Action item
What number of lines in the data below contain the string "Black"? Answer with that number alone.

Recorded data
⁂

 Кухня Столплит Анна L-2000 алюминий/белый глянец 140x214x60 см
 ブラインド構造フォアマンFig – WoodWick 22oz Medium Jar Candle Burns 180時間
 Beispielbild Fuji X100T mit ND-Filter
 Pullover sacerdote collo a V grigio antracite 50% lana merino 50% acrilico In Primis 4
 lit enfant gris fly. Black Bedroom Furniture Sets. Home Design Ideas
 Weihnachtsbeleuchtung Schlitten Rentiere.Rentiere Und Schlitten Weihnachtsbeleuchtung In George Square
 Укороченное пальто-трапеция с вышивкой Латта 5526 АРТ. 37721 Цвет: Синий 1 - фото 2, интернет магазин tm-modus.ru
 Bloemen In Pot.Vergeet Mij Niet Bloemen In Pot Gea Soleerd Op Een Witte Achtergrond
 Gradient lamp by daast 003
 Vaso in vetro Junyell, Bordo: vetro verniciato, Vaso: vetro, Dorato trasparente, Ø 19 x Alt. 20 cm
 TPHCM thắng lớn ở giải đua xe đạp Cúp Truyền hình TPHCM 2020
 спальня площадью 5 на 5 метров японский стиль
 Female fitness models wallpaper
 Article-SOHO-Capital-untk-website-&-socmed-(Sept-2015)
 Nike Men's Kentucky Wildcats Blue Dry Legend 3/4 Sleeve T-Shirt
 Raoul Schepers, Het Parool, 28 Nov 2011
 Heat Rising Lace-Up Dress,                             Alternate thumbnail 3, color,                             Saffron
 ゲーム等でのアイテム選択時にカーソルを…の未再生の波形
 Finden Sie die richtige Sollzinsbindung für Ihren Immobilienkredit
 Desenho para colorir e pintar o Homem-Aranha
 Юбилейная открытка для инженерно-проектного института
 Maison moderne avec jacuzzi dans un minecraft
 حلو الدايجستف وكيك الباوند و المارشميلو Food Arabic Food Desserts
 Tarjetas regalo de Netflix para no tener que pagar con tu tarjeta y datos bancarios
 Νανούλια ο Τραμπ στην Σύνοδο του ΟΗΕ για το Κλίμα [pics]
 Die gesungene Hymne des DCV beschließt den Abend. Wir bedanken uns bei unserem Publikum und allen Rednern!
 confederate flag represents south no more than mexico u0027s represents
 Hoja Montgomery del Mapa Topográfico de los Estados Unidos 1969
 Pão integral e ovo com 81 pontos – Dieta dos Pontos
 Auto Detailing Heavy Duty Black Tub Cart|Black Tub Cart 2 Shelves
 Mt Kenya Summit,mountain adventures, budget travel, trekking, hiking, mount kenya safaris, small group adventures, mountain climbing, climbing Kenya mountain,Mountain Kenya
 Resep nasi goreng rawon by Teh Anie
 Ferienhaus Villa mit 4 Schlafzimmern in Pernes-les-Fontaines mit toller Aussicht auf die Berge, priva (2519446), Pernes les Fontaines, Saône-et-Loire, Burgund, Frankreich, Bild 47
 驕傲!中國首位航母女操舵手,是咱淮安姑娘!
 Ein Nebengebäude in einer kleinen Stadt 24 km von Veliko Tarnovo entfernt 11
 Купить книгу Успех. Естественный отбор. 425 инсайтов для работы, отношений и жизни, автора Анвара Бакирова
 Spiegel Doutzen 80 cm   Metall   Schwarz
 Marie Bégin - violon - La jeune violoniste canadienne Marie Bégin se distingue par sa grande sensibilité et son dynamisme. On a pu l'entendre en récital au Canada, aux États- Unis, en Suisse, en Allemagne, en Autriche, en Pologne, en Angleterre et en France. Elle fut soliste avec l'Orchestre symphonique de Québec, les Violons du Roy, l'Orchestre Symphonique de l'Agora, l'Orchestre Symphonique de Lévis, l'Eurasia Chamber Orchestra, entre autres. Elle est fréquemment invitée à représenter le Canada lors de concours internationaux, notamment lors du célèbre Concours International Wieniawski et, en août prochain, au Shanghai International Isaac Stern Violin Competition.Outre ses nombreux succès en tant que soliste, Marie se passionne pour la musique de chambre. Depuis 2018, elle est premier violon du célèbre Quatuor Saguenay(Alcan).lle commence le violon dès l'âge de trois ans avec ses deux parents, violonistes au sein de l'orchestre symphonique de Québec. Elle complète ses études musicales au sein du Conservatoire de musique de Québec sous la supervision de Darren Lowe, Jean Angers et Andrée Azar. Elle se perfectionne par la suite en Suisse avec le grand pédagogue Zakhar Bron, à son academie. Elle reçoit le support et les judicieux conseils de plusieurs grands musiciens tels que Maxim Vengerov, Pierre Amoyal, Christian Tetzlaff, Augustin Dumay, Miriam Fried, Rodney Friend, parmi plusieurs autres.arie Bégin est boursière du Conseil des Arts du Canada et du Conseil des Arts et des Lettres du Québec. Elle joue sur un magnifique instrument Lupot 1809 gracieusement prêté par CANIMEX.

⁂

Output of the exercise
2